Security, Identity, & Compliance

  1. AWS Identity and Access Management (IAM) – who or what can access services and resources in AWS.
  • Allows admins to manage AWS users and groups across single AWS accounts or centrally connect identities to multiple AWS accounts.
  • Generate least-privilege policies, verify external and unused access to resources and continually analyze to rightsize permissions.

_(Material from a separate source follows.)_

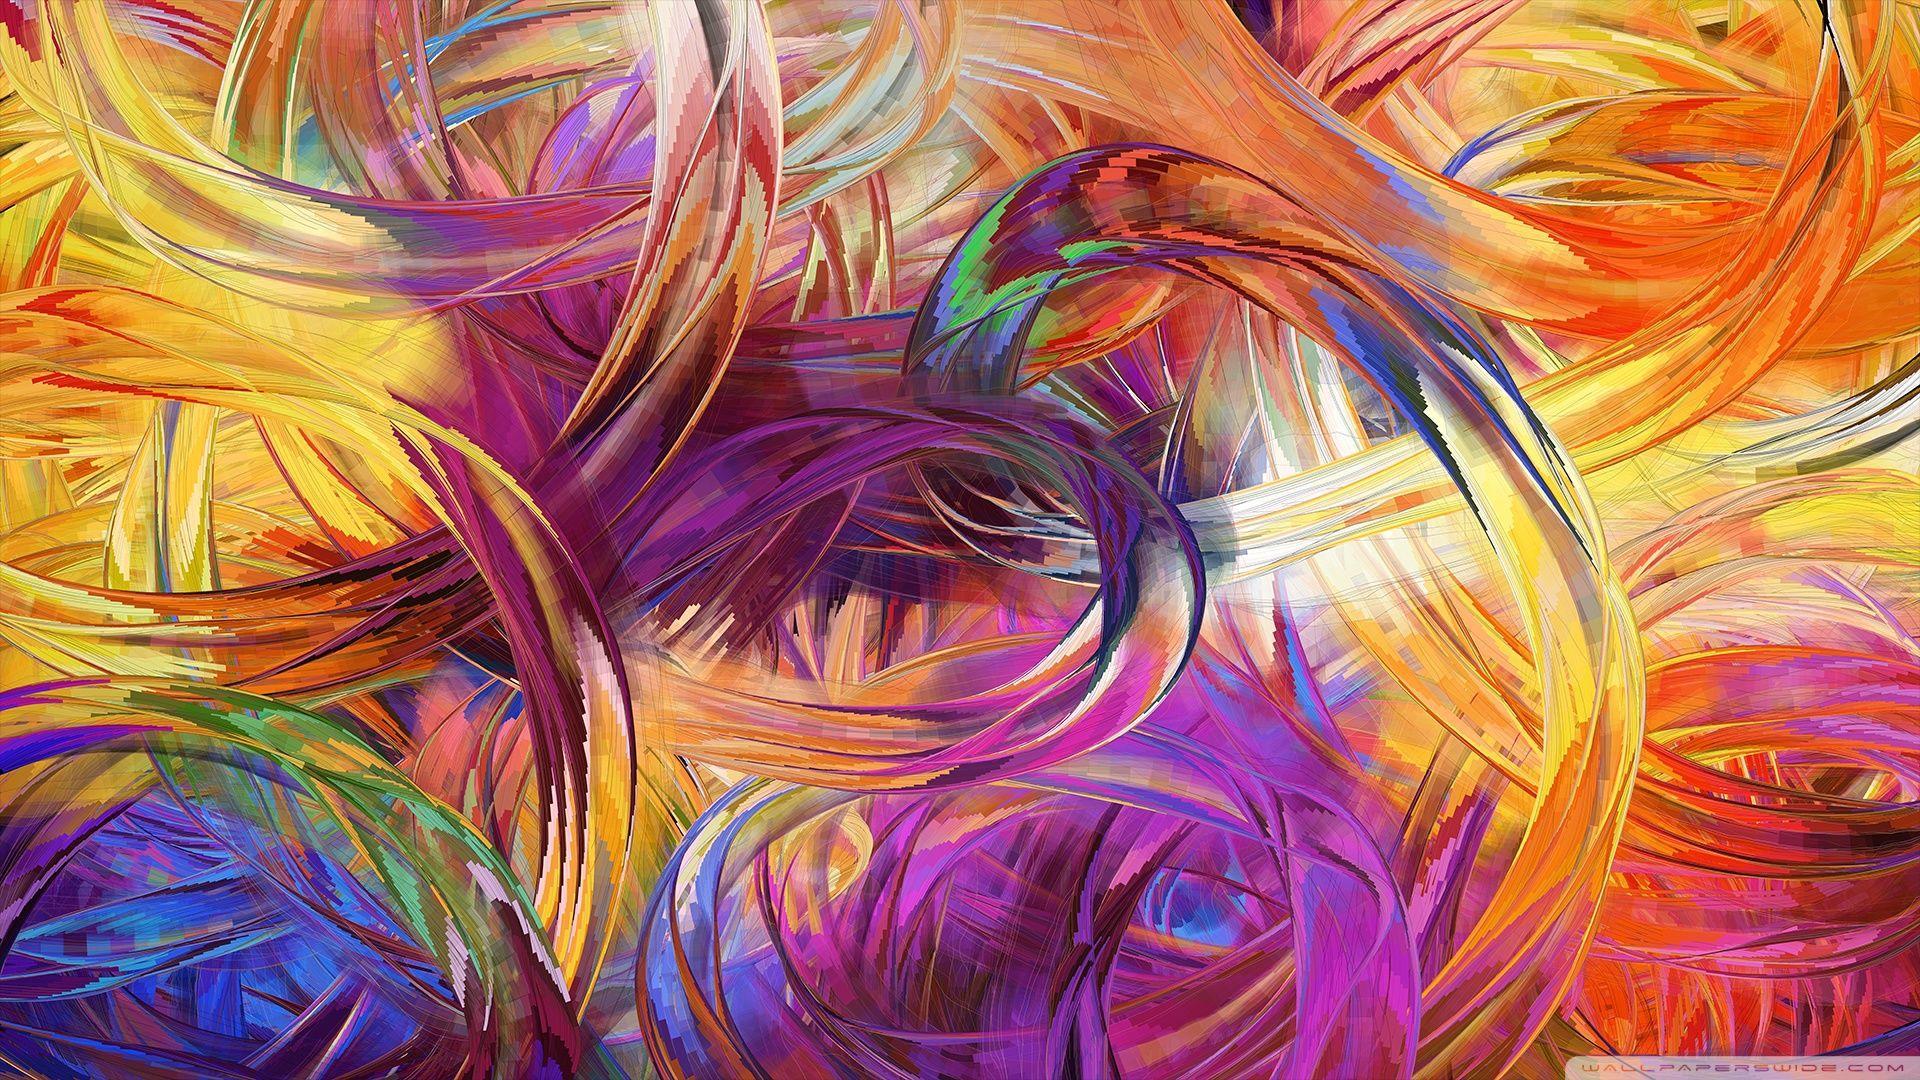 Paint Art Wallpapers Top Free Paint Art Backgrounds Wallpaperaccess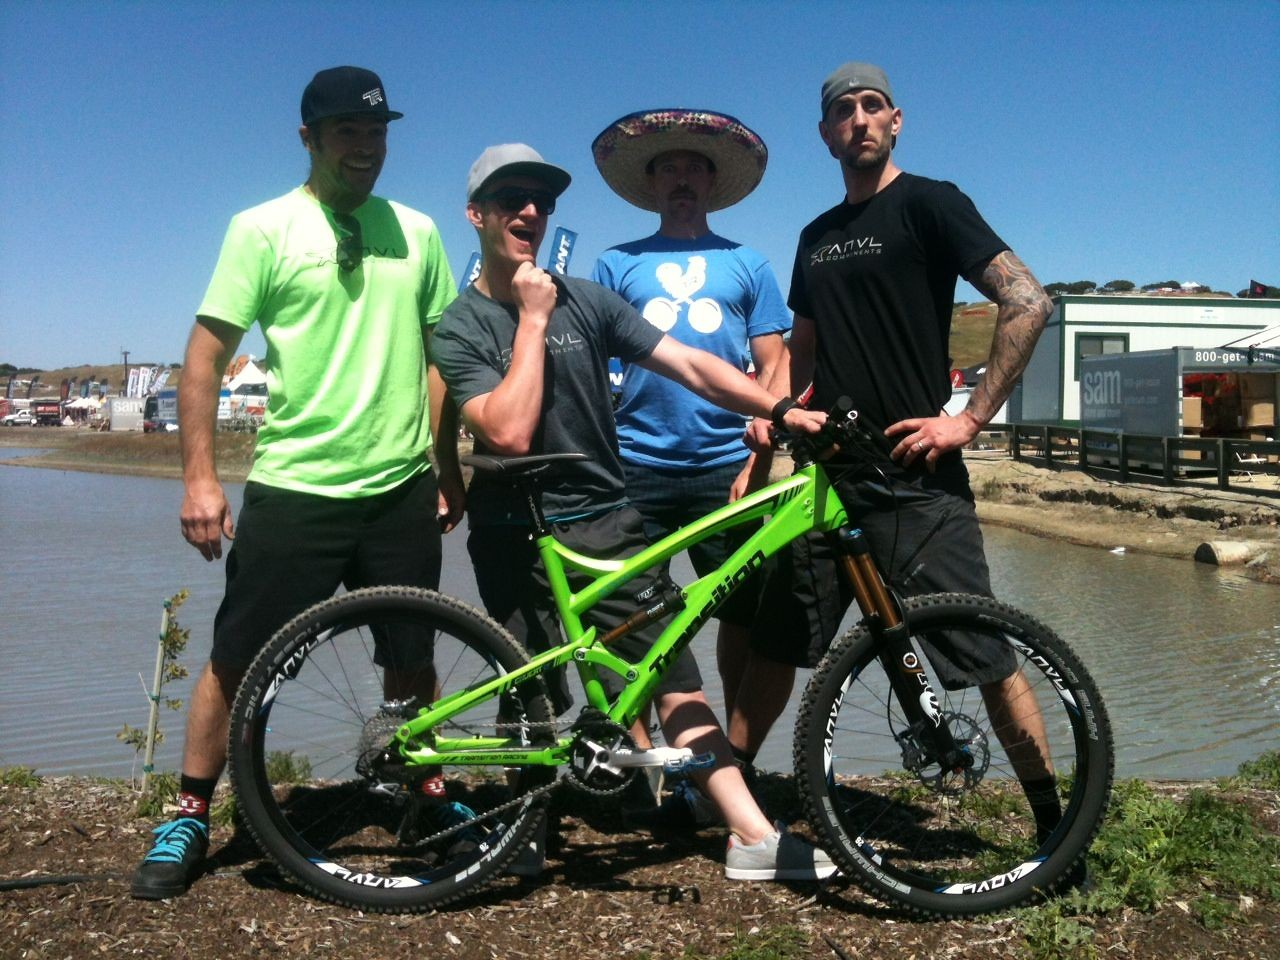 ANVL dudes - iceman2058 - Mountain Biking Pictures - Vital MTB

  • Example Use Case – Create granular permissions based on user attributes – such as department, job role and team name – by using attribute-based access control.
  1. Amazon Cognito – identity management for your apps
  • Provides fully managed user authentication and authorization capabilities for web and mobile applications. Allows users to register and sign-in to your applications.
  • Federate sign-in by using OpenID Connect or SAML 2.0 and connect to AWS services and resources.
  • Example Use Case – Allows customers to sign in directly, or through social or enterprise identity providers, to a hosted UI with your branding.
  1. AWS Key Management Service (KMS) – create and control keys used to encrypt or digitally sign your data
  • Create, manage, and control cryptographic keys across your applications and AWS services.
  • Your KMS keys never leave AWS FIPS 140-validated HSMs unencrypted and you control who can access and control them.
  • Automate monitoring to receive event alerts and audit who used which keys, on which resources and when.
  • Example Use Case – Activate server-side encryption with AWS KMS using KMS keys to encrypt data at test.
  1. AWS IAM Identity Center – manage single sign-on access to multiple AWS accounts and applications
  • It is the recommended approach for workforce authentication and authorization on AWS for organizations of any size and type.
  • Allows you to enforce MFA for all users, including the requirement for the users to set up MFA devices during sign-in.
  • Example Use Case – Configure single sign-on access to applications that support SAML 2.0. It provides preconfigured settings for many cloud applications, including Salesforce and Microsoft 365.
  1. AWS Security Hub – automate AWS security checks and centralize security alerts
  • Automate security best practice checks, aggregate security alerts into a single place and format.
  • Understand and visualize overall security posture across all of your AWS accounts.
  • Supports industry recognized security standards including CIS AWS Foundations Benchmark and Payment Card Industry Data Security Standard (PCI DSS).
  • Example Use Case – Search, correlate, aggregate and fine-tune diverse security findings by accounts and resources as well as visualize findings in the Security Hub dashboard.